**Data block:**

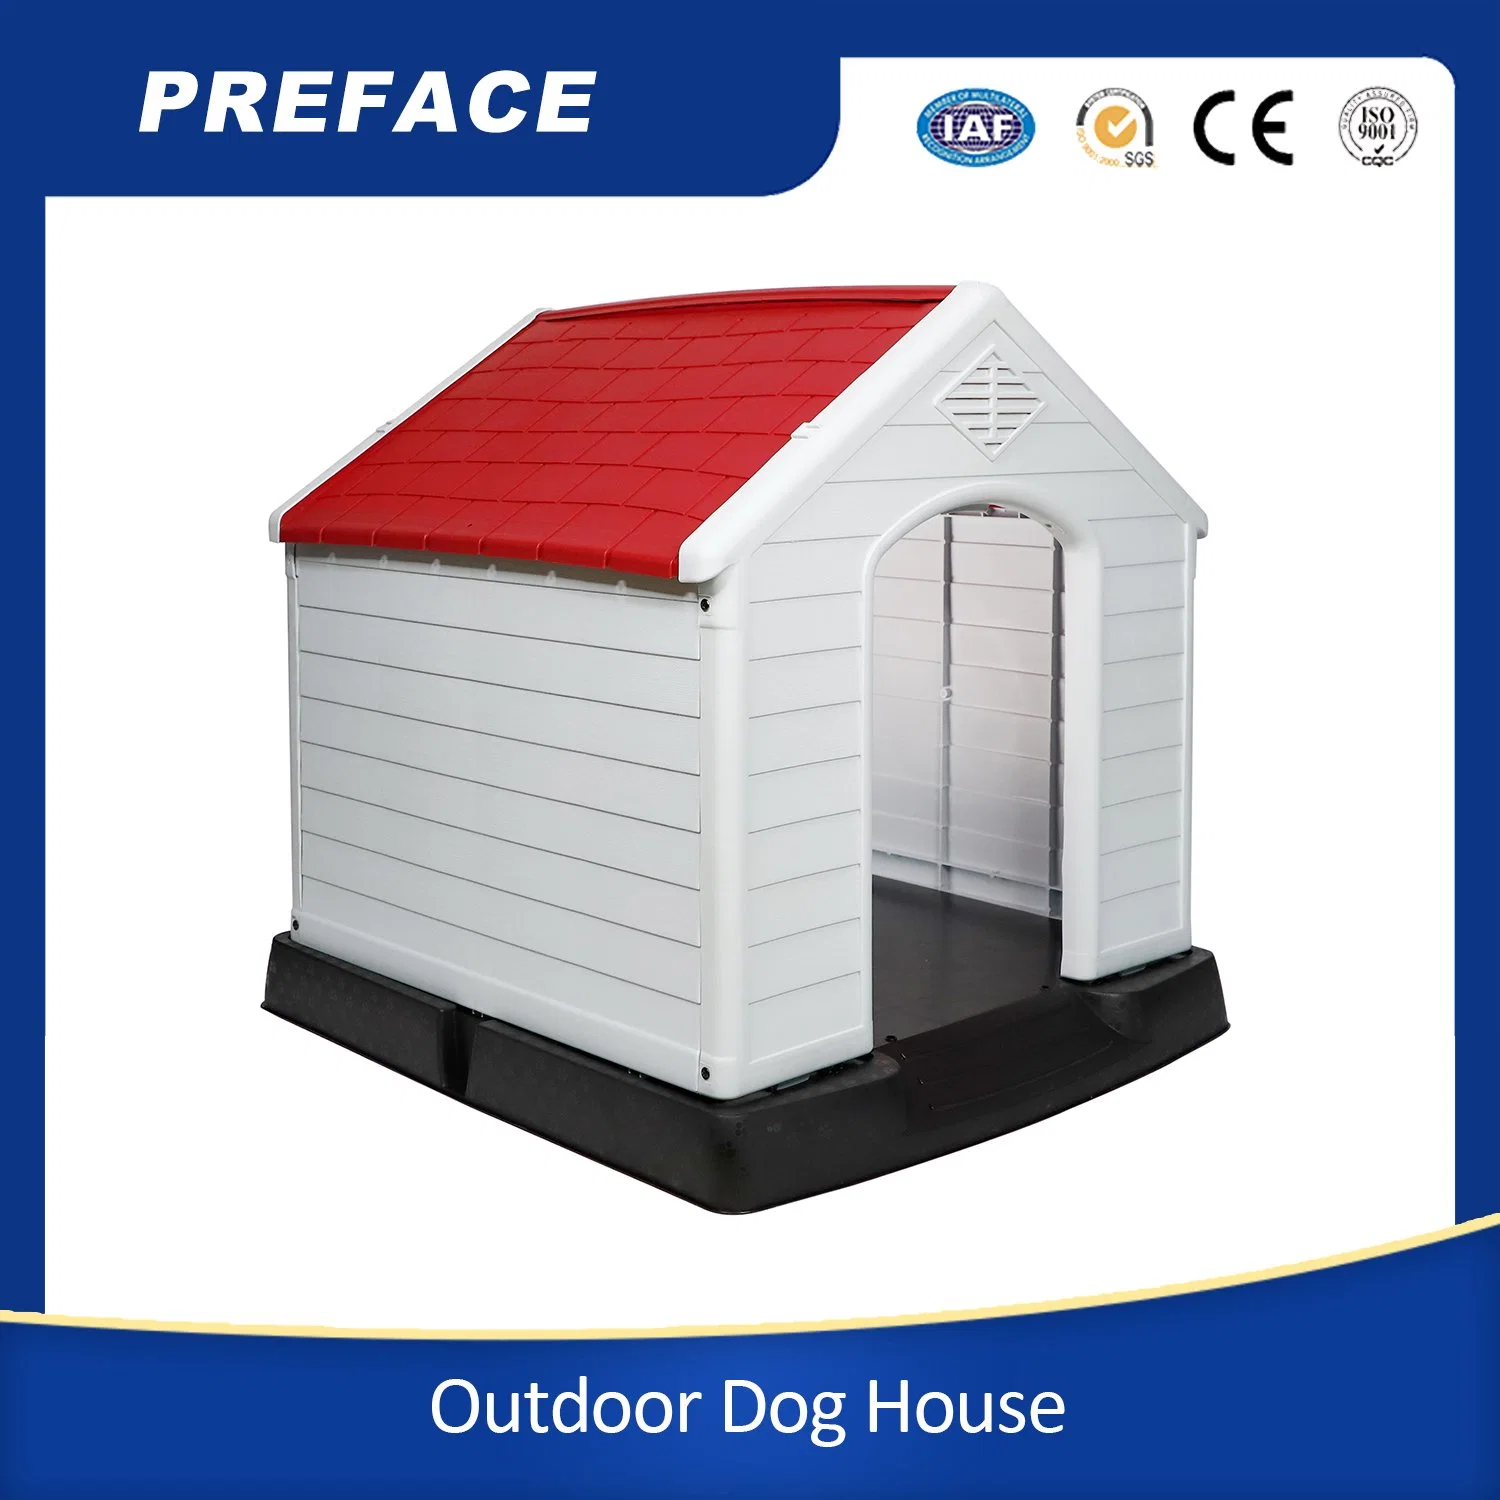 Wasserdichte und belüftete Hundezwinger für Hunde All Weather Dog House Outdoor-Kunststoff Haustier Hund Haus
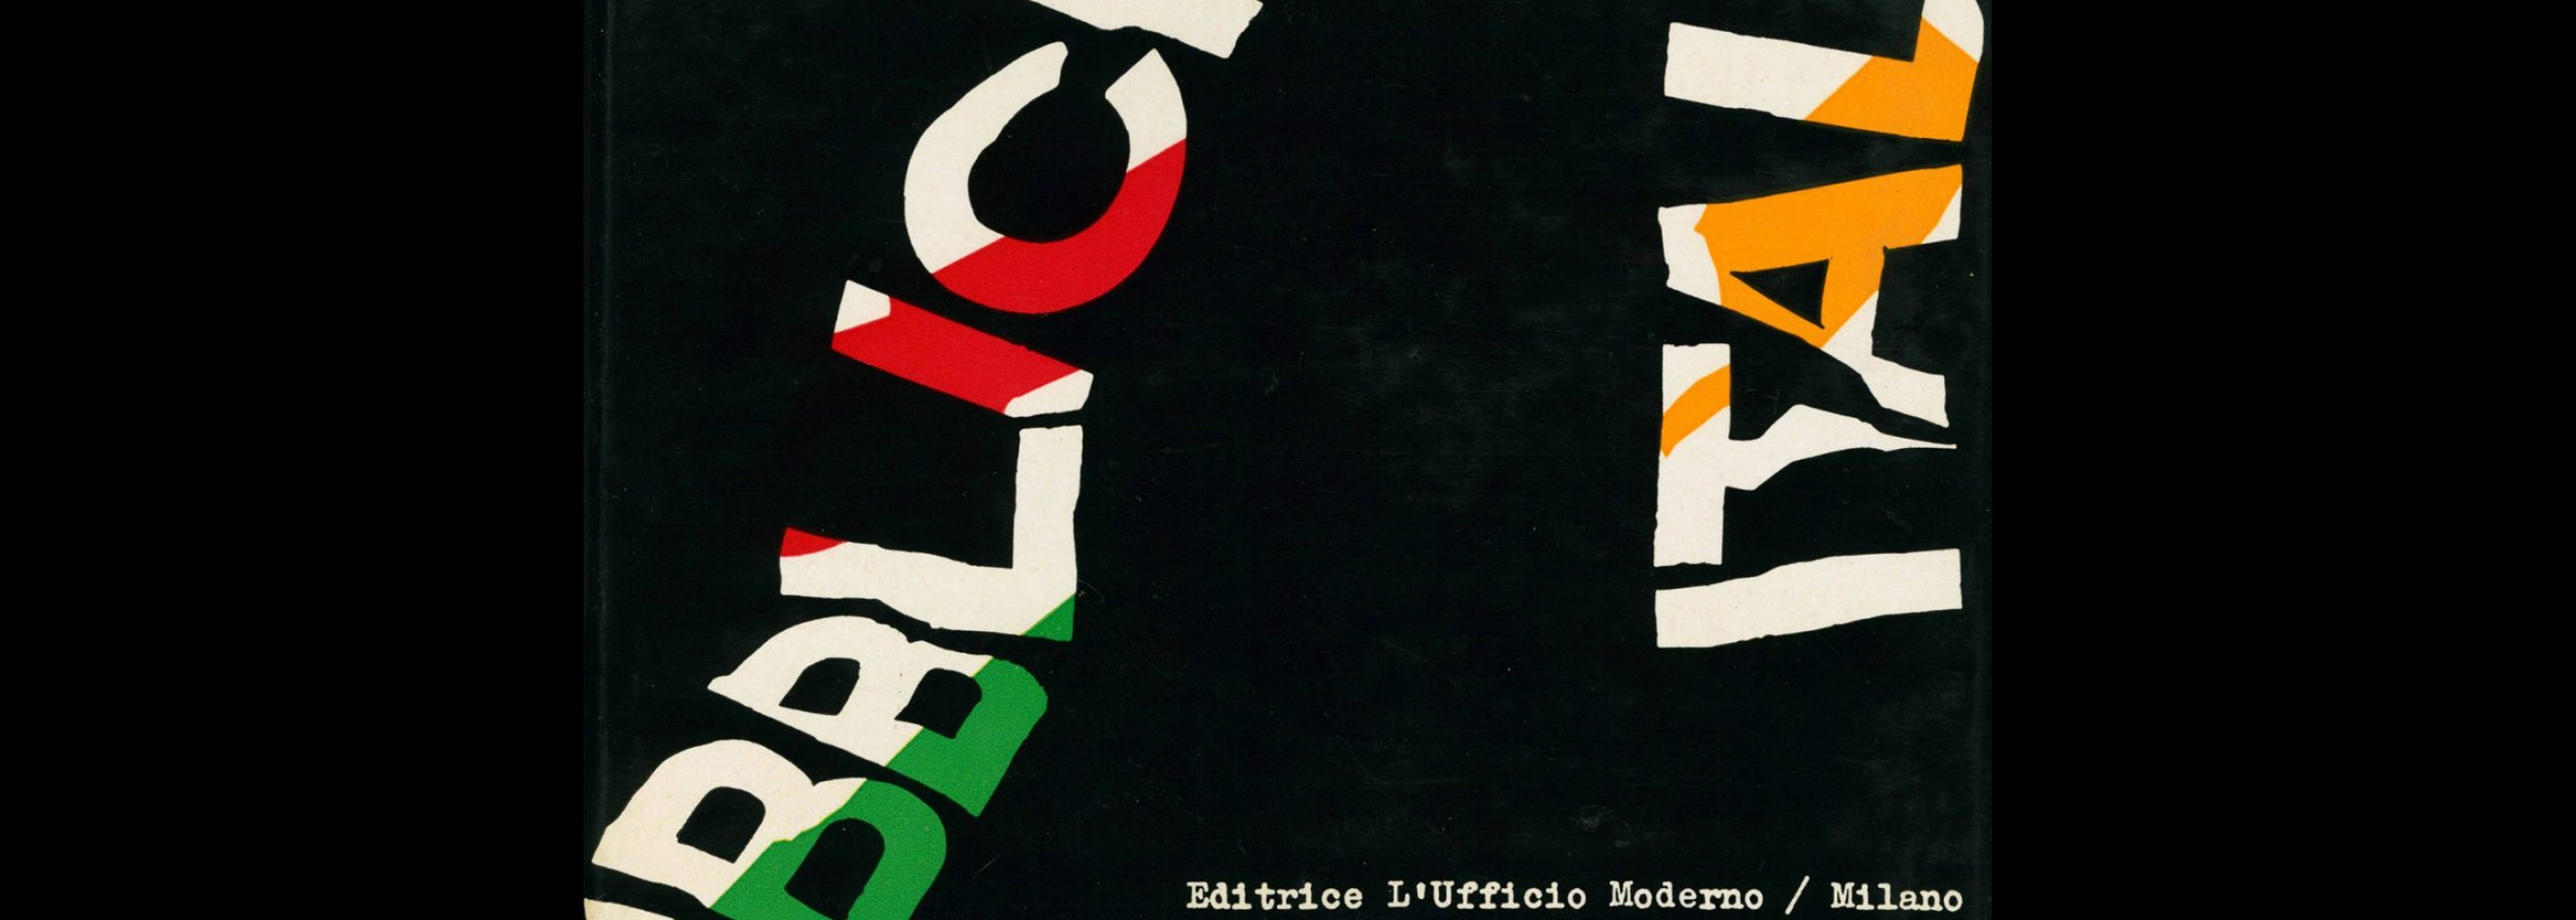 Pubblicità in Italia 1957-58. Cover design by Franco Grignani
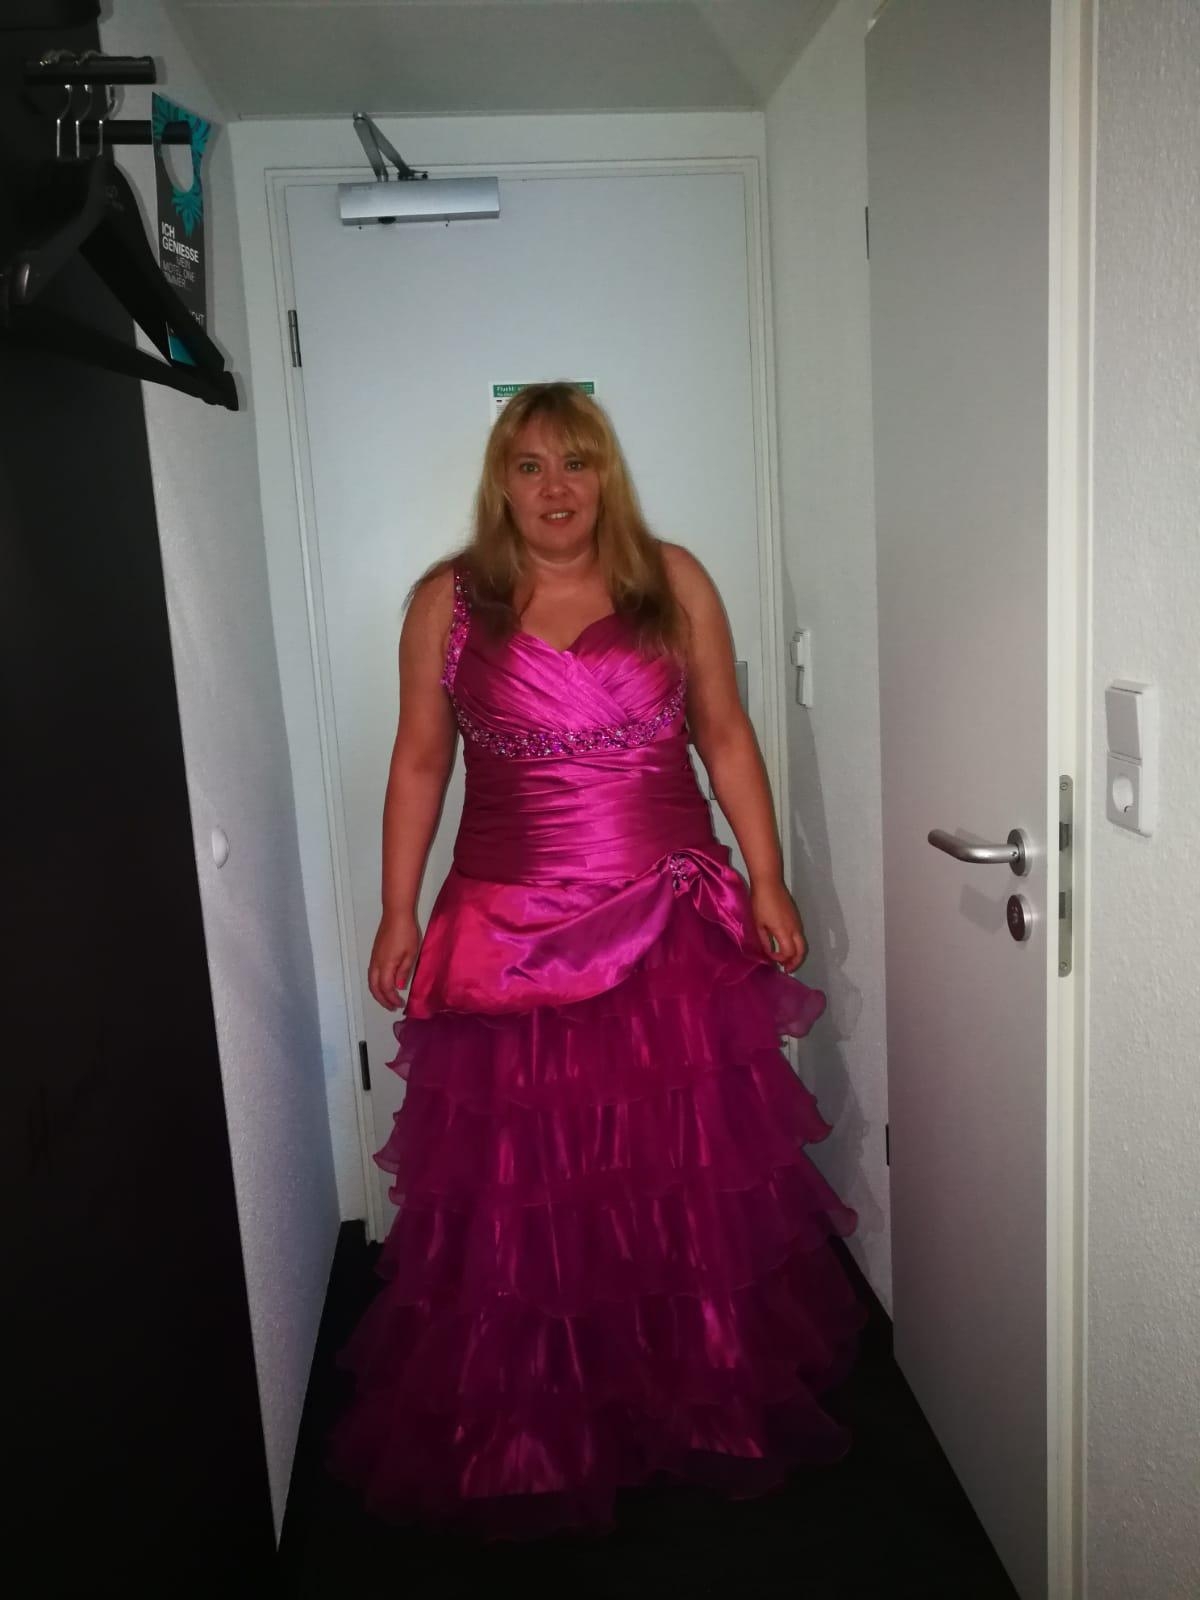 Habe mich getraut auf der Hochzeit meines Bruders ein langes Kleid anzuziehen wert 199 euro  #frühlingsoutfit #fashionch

**Brief:** Line by line and exactly, reproduce the span from the line with "Pubblicità in Italia" through the end of the data above, both ends included, with pictures left out.

**The completed task:**
 Pubblicità in Italia 1957-58. Cover design by Franco Grignani
 Habe mich getraut auf der Hochzeit meines Bruders ein langes Kleid anzuziehen wert 199 euro  #frühlingsoutfit #fashionch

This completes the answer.